(Task requirements): The answer must be an exact copy of the lines from the one with "Фото - Наручные" to the last line of the entries below, both included, and must contain no pictures.

[Dataset items]
══════

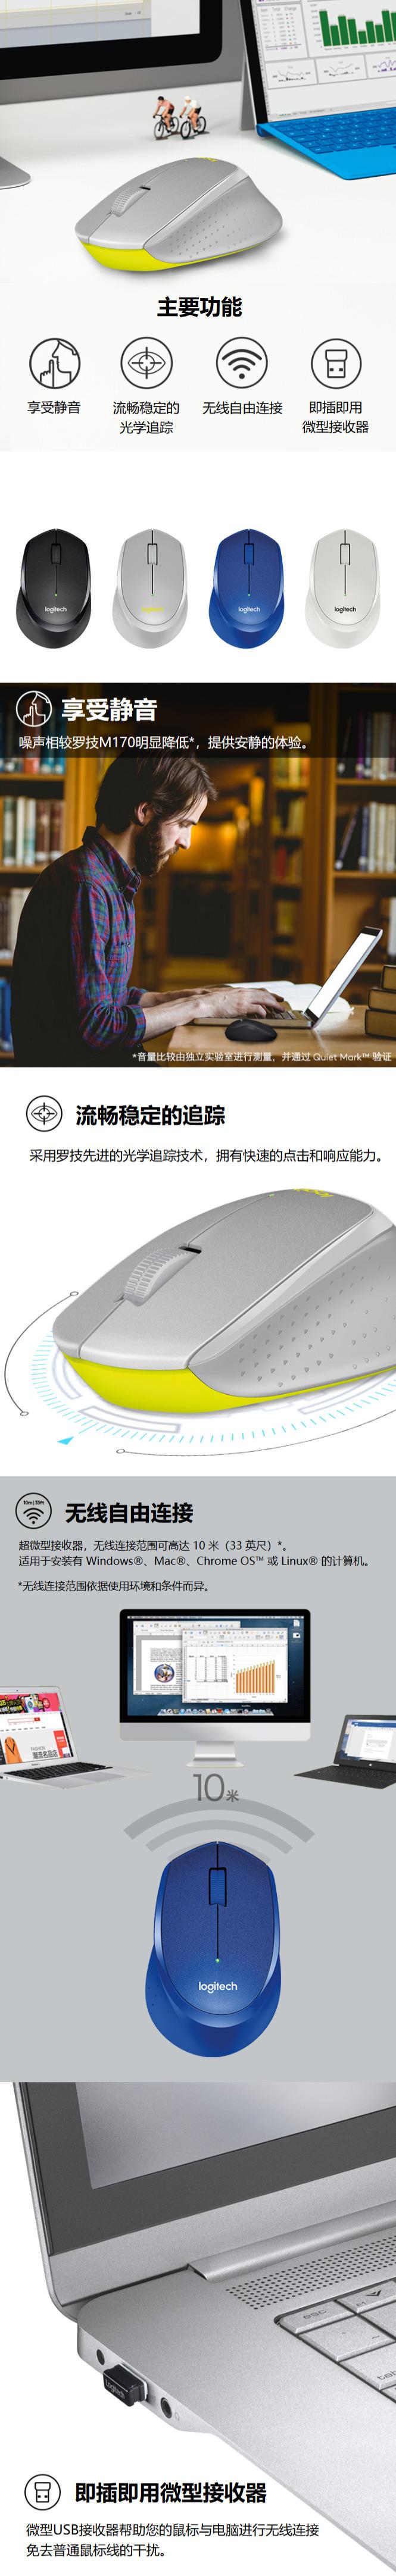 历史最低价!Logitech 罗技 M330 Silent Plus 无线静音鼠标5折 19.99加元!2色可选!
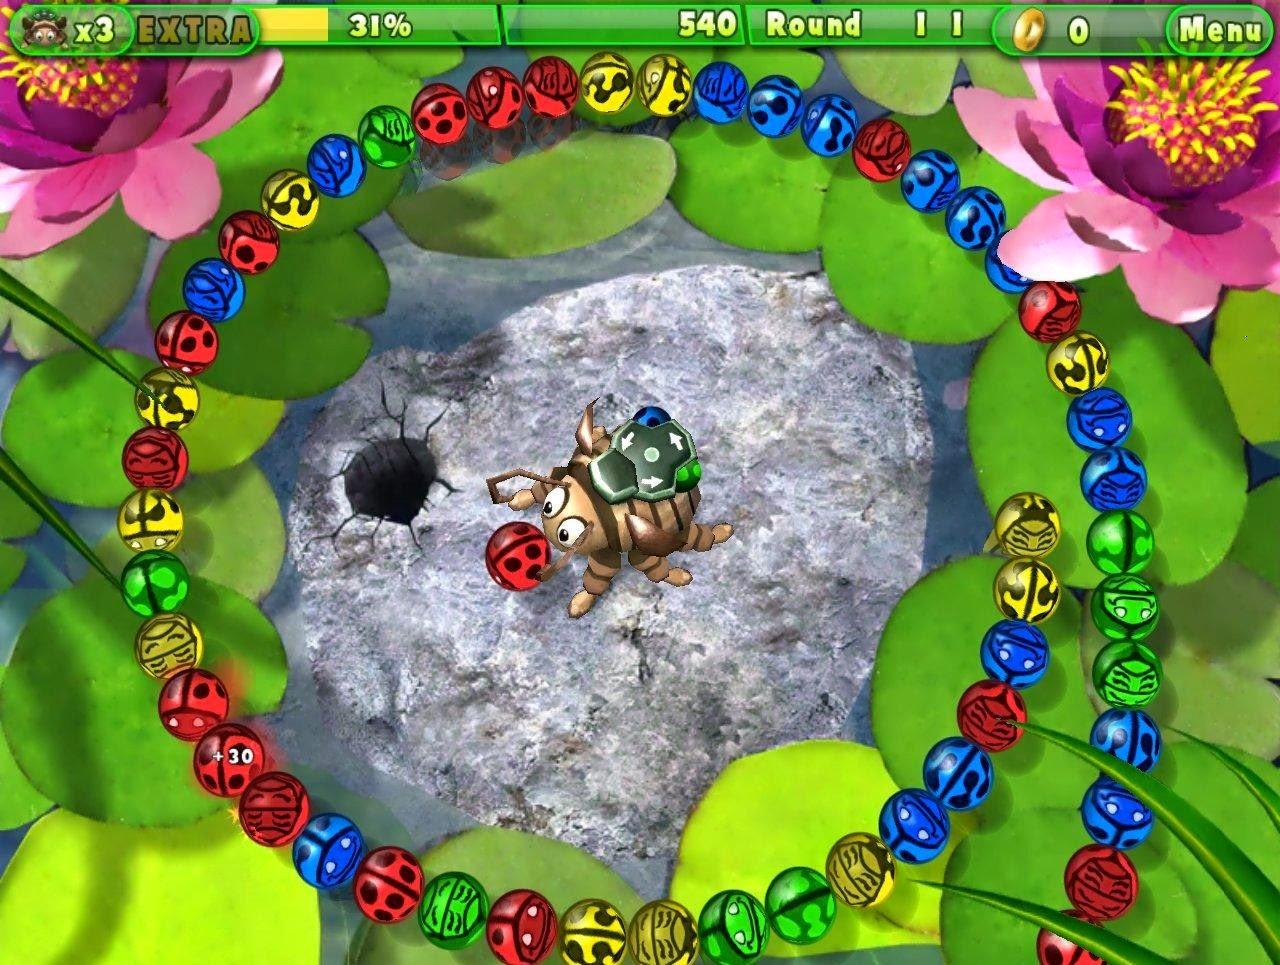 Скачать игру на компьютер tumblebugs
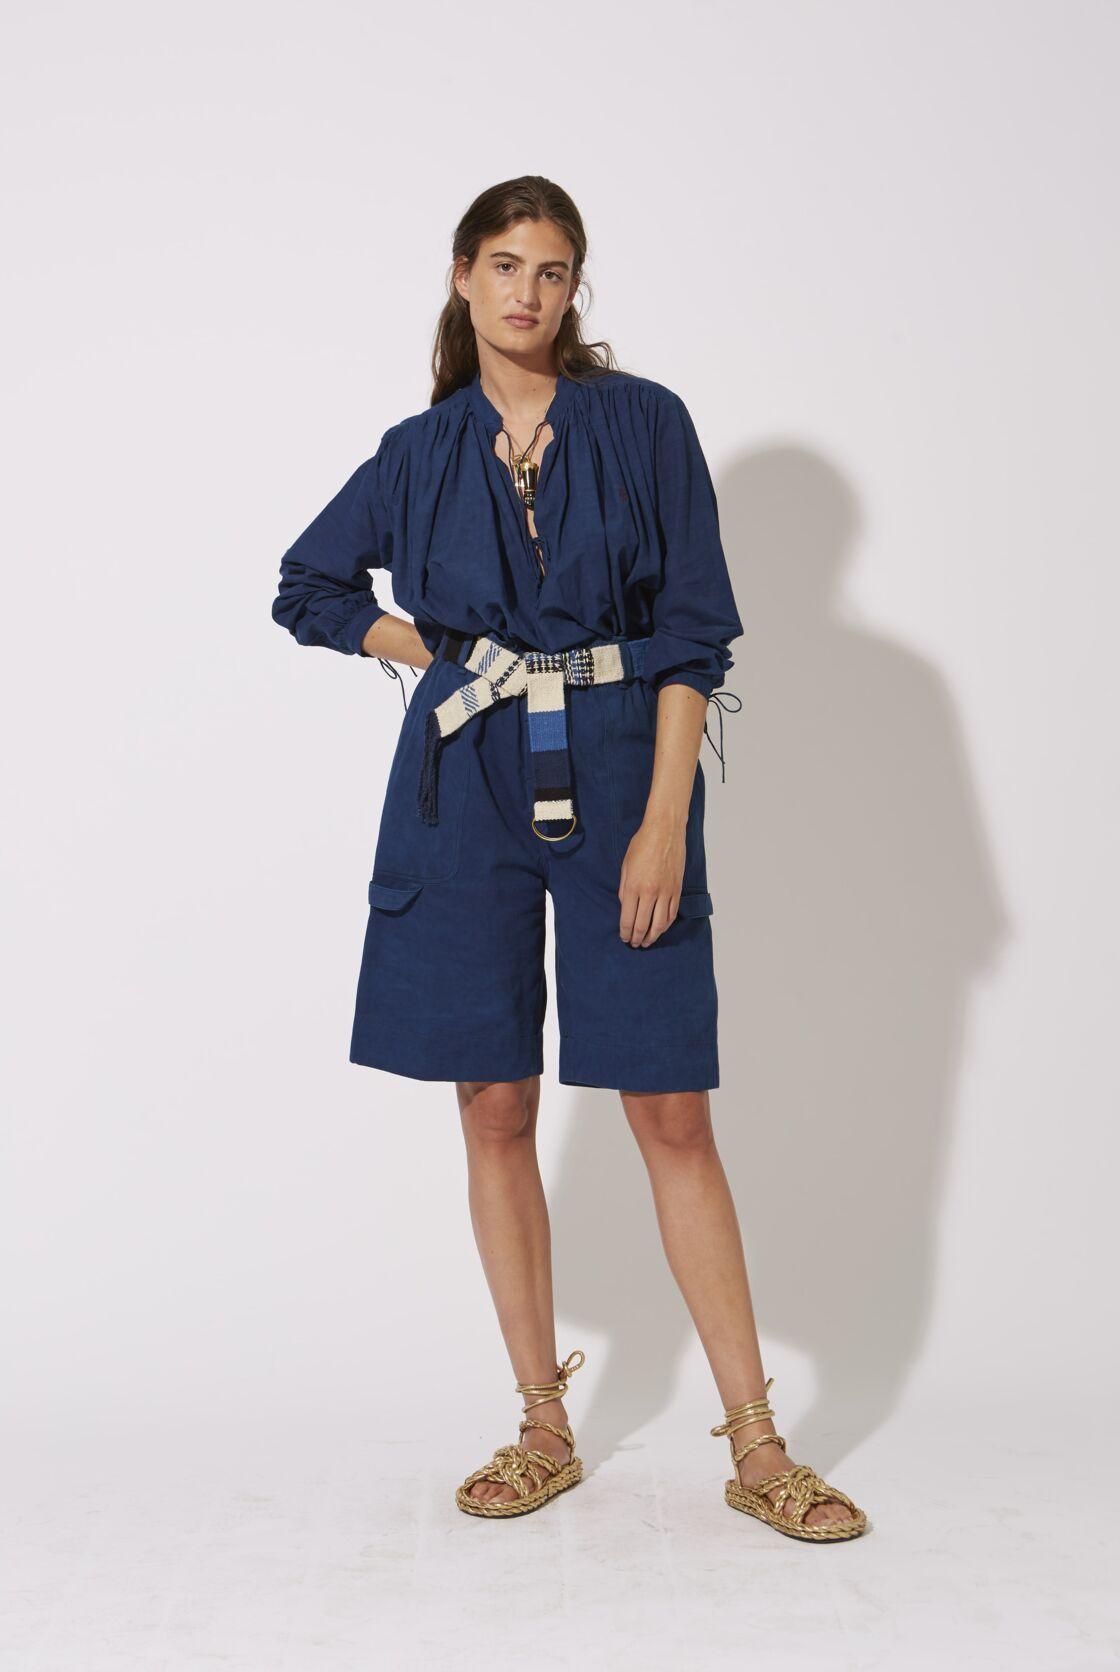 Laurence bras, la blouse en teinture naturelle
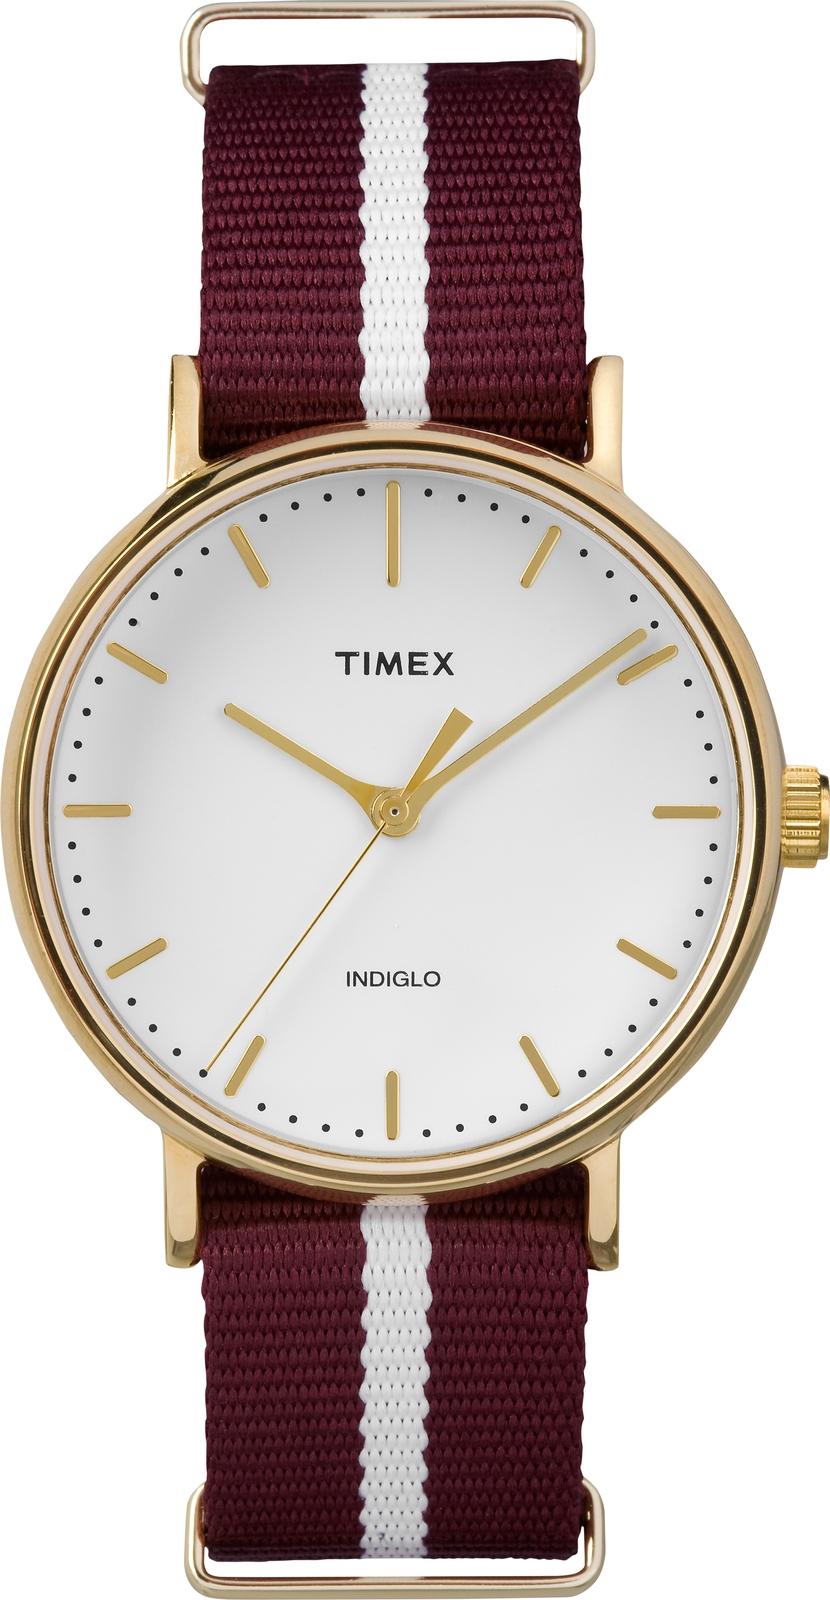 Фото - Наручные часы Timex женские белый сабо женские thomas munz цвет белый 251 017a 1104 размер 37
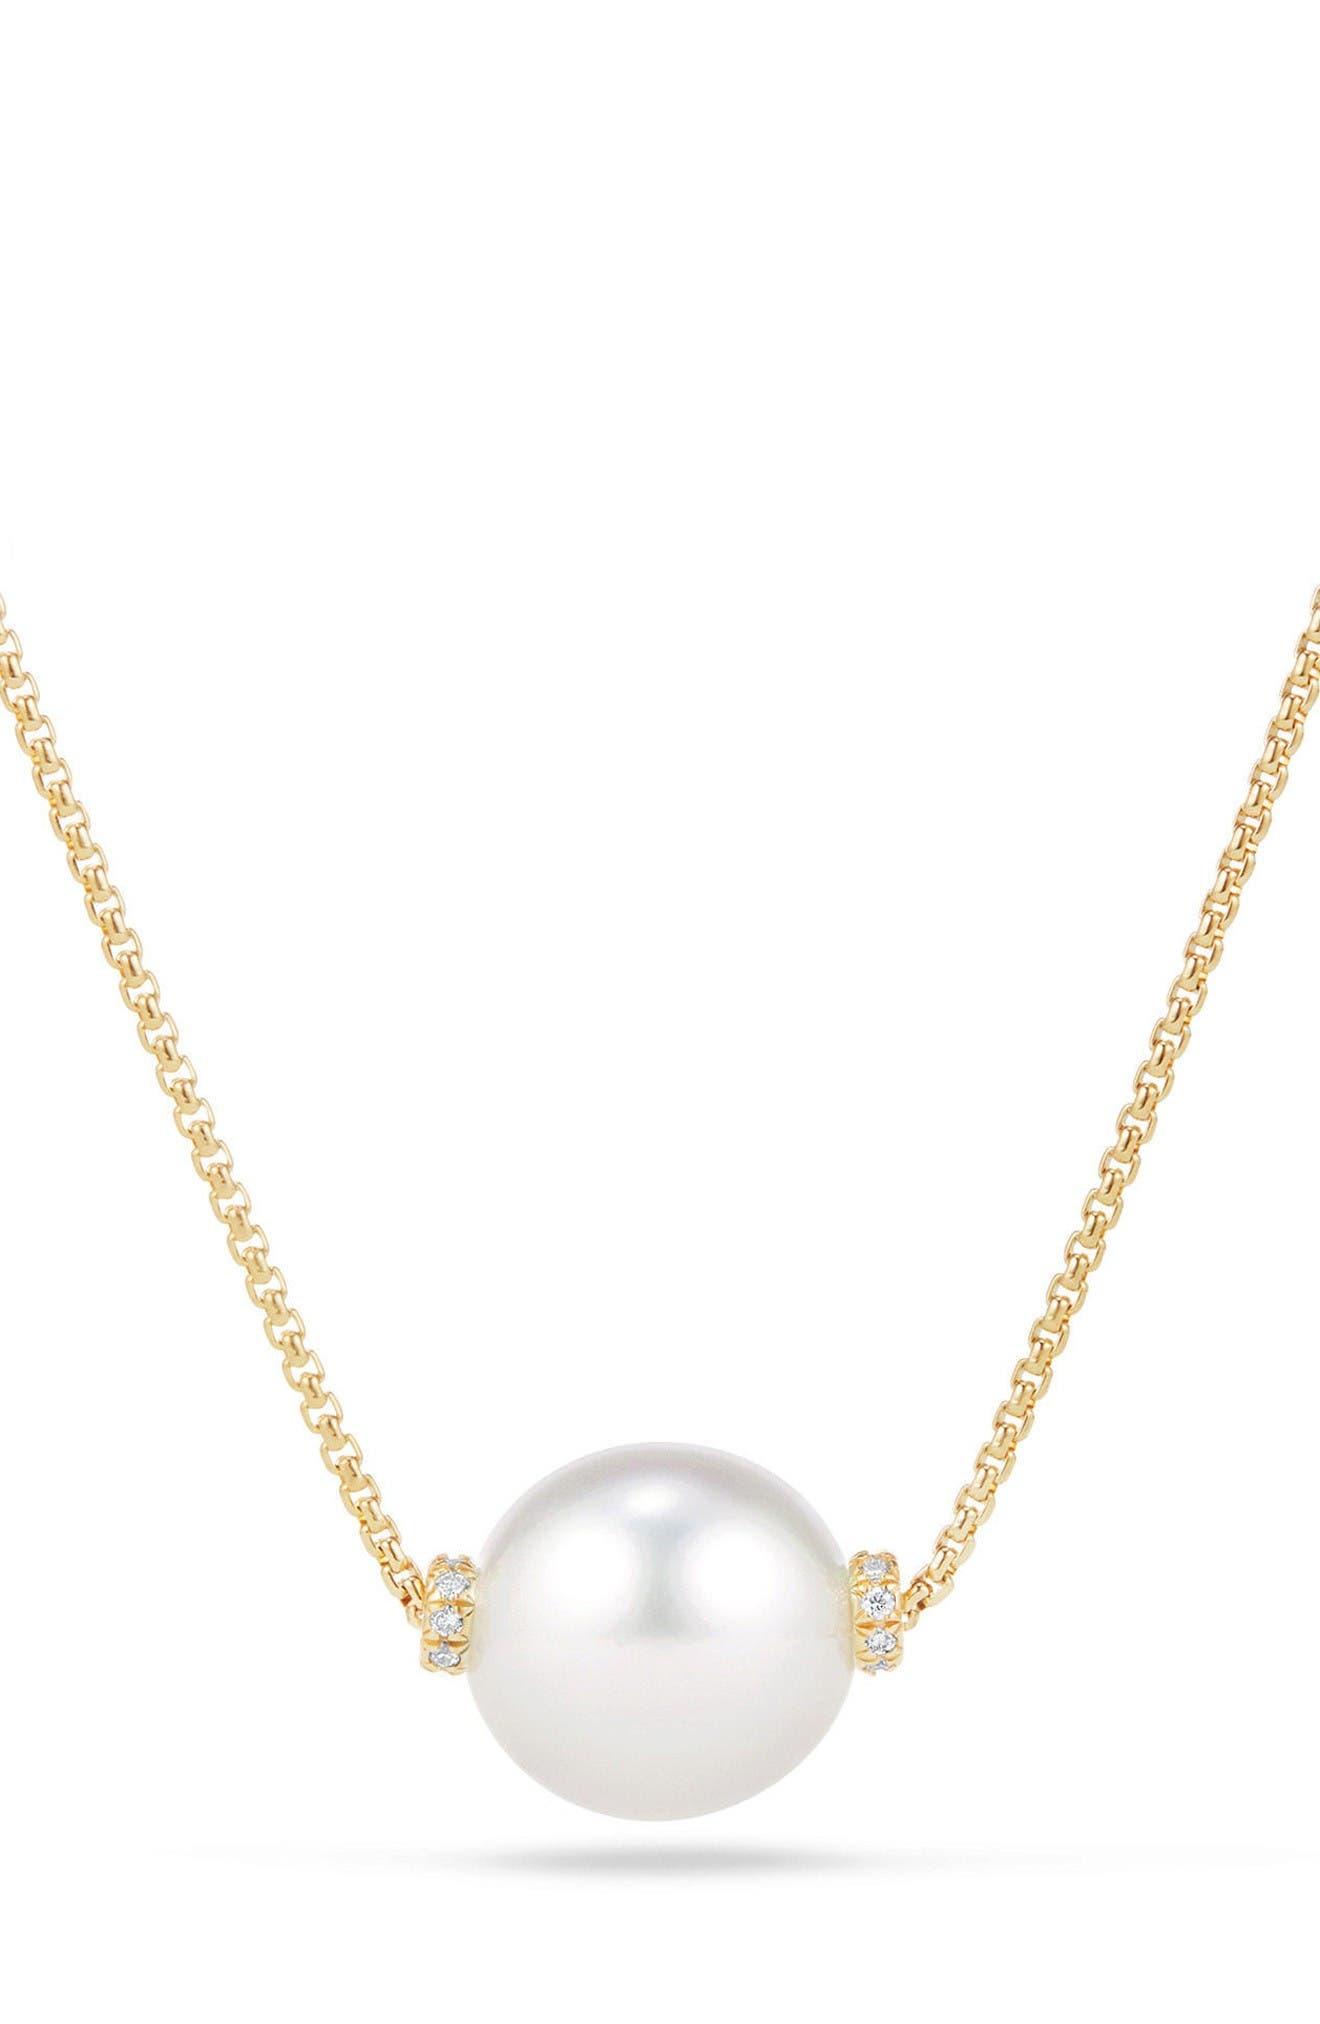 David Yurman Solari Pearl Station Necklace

══════

(Expected answer):
 Фото - Наручные часы Timex женские белый сабо женские thomas munz цвет белый 251 017a 1104 размер 37
 David Yurman Solari Pearl Station Necklace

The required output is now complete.